Consequently noisy data that detected amongthe navigation menu, advertising banner and other information 
content of the web document influences adversely theperformance of mobile applications that involves with 
thecontent as such [5]. In addition, Sharma and Bhatia [6] expanded a page replacement algorithmin order to 
separate noisy data from web document. Chae et al. [7] mention it is compulsory that big data analytics in 
supply chain management (SCM) be collective with SCM objectives to advance working performance and 
escalate the value of analytics. However, they have not been looking at practical issue of missingness. 

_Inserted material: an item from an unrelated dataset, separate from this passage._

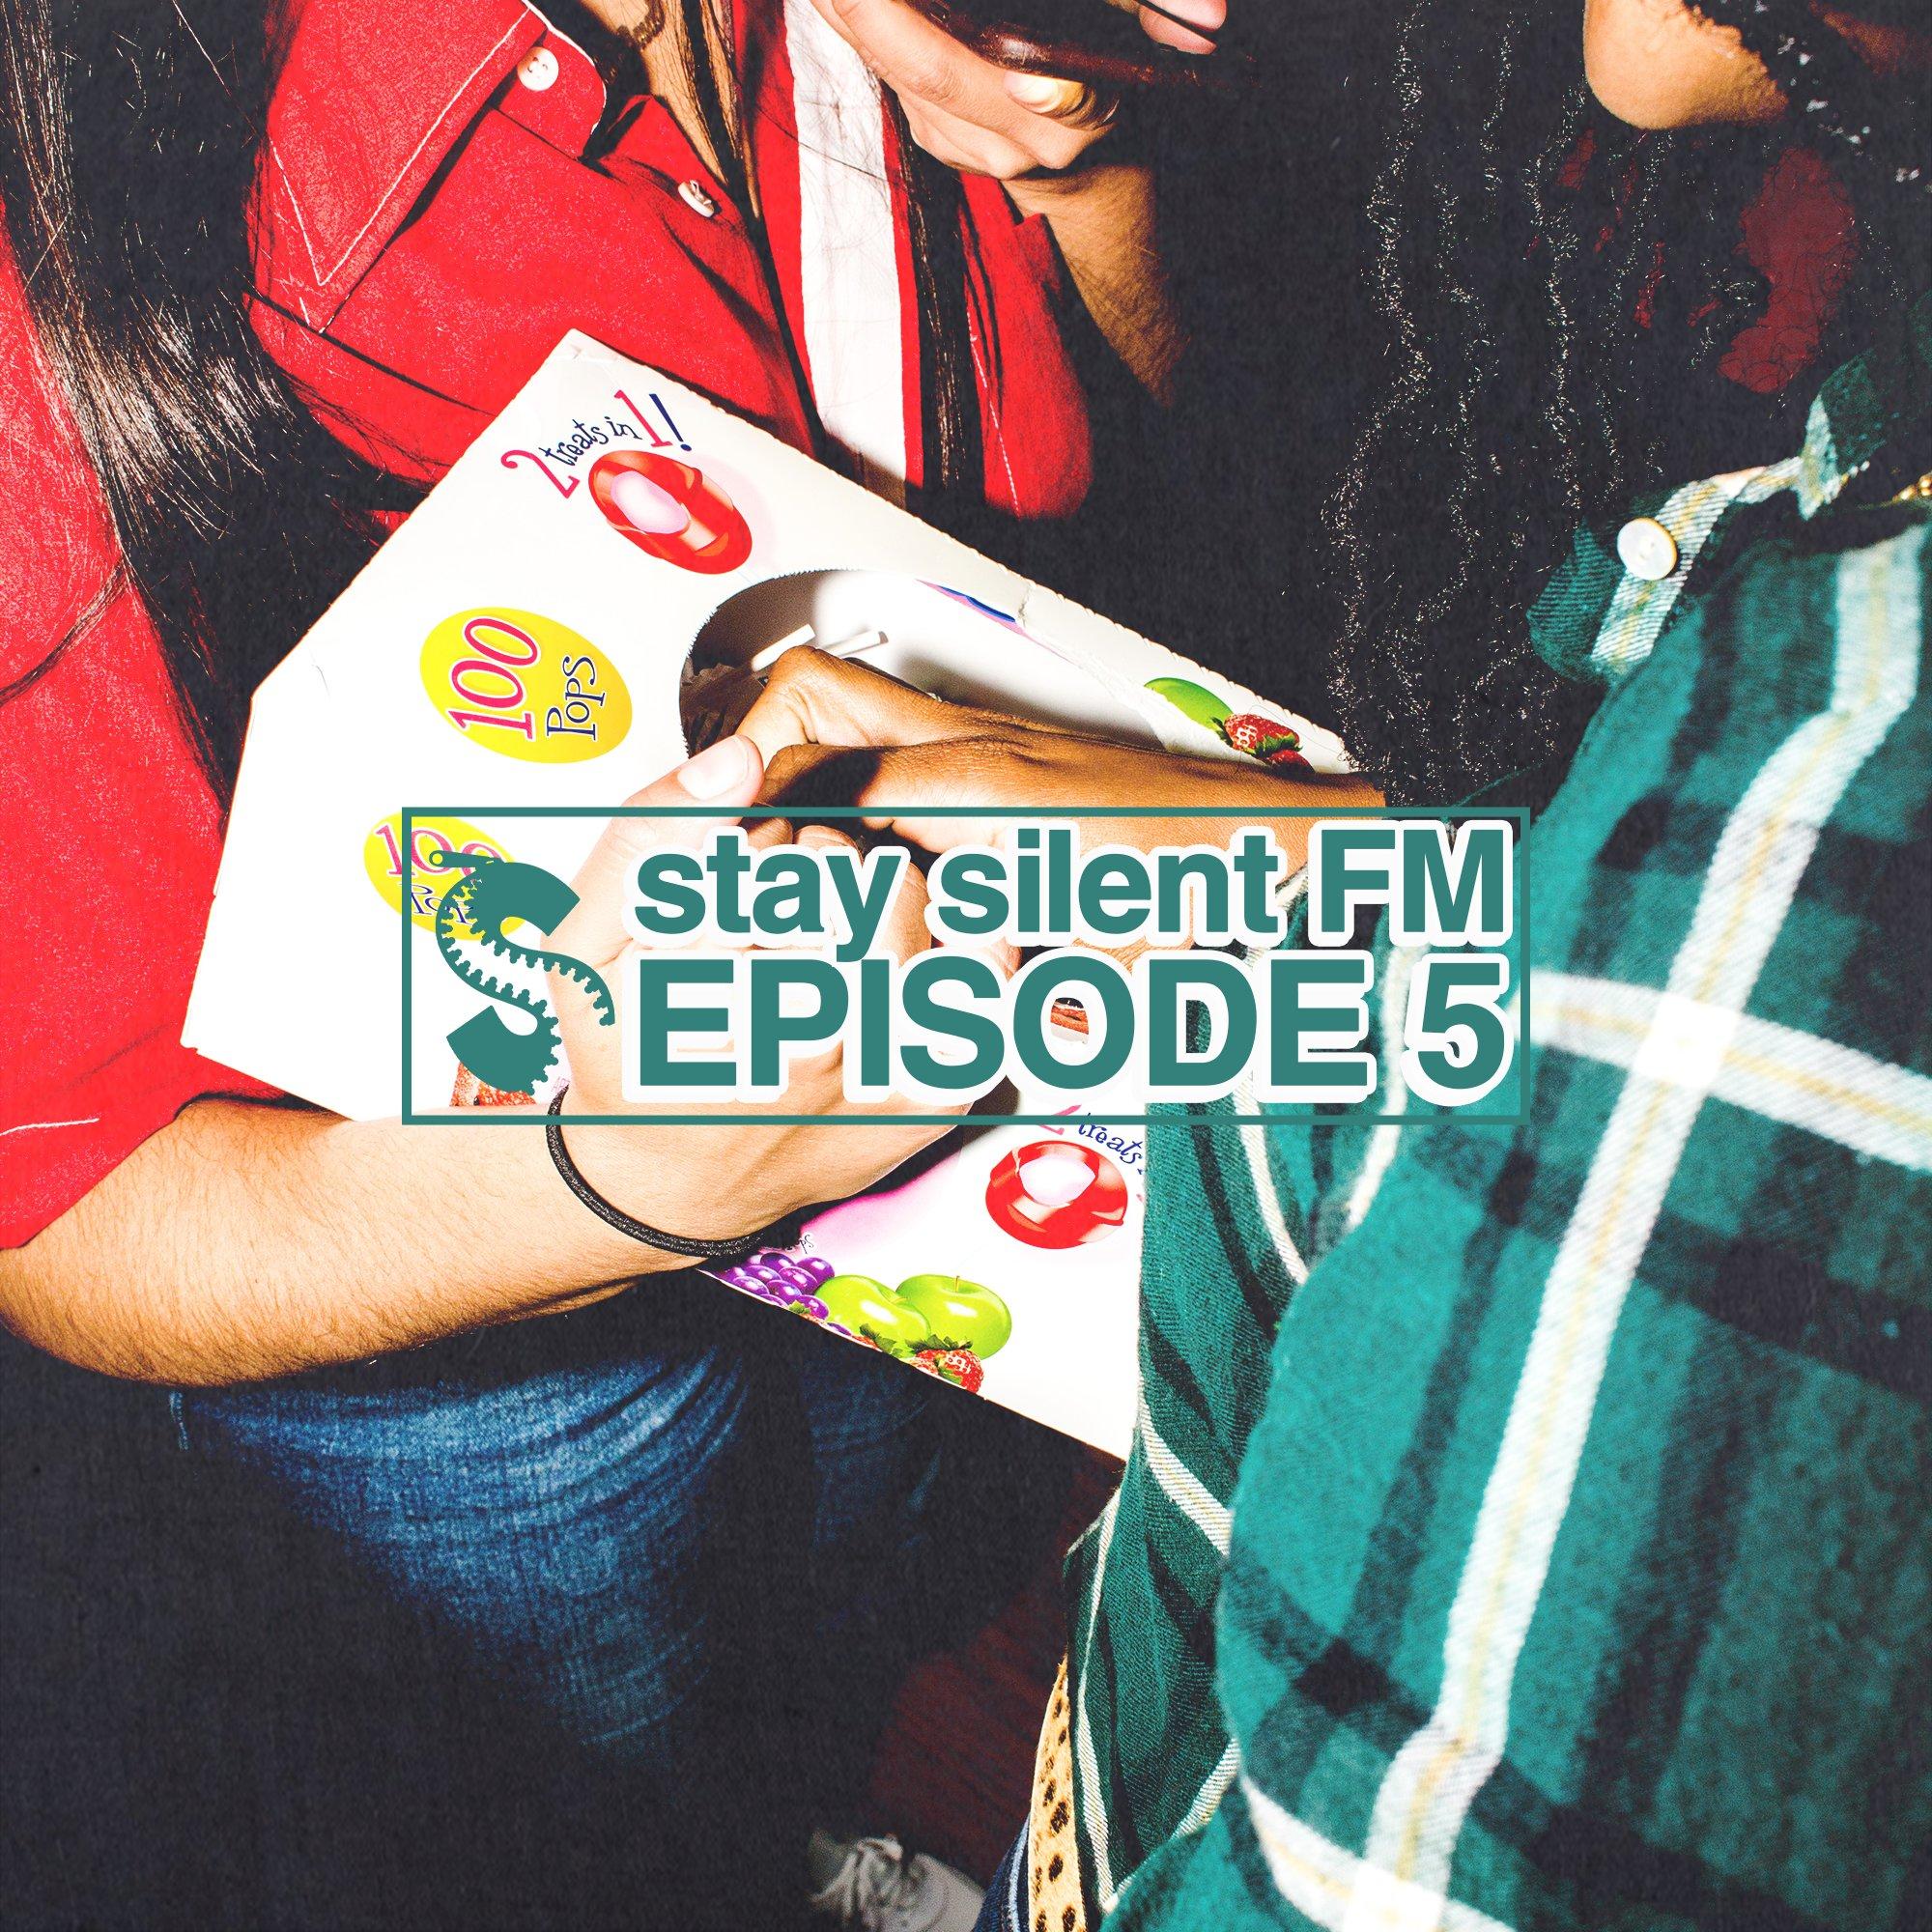 rsz_stay_silent_fm_episode_5.jpg

Noisy data is described as worthless data. The term is called as an alternative expression for crooked 
data as depicted in Figure 2. Nonetheless, the meaning has included any incomprehensive data for instance 
unstructured format of data. Any unreadable data which has been detected by the machine will develop and 
can be defined as noise. Shabir and Padma [8] presented a denoise procedure to improve the quality of 
original image. Noisy data is worsening of data collection caused by external hazards. These noise include 
not only internal problems such as software or hardware incompatibility or viruses, system malfunction, 
failures, or flaws, but also environmental hazards such as dust, moist, extreme temperatures, black-outs, and 
water. Noisy data on the other hand redundantly requires the extraordinary amount of saving space and can 
unfavorably upset the outcomes of data analytics. 

Thus analysis can overcome this problem by employing data collected previously (historical data) to 
filter out noisy data and ease data curation. Much of noisy data can affect failures in hardware processing and 
accuracy. Moreover, typos, slang, misspelling, careless and other abbreviations can obstruct machine 
learning. Corrupt data is a realistic trouble, induced either because of defective data sources or during data 
broadcast (traversing). Noise is able to seriously mess up machine learning process of collected data. It is a 
much more rigorous trouble in case of data streams as it connects with concept drift. If a greedy algorithm is 
concerned to concept drift, it may qualify noise by erroneously picturing it as data from a fresh concept. If it 
is to be too strict to noise, it may have to ignore drifts then fine-tune. Besides, the computational complexity 
of the K-means algorithm with datasets has been evaluated in [9]. 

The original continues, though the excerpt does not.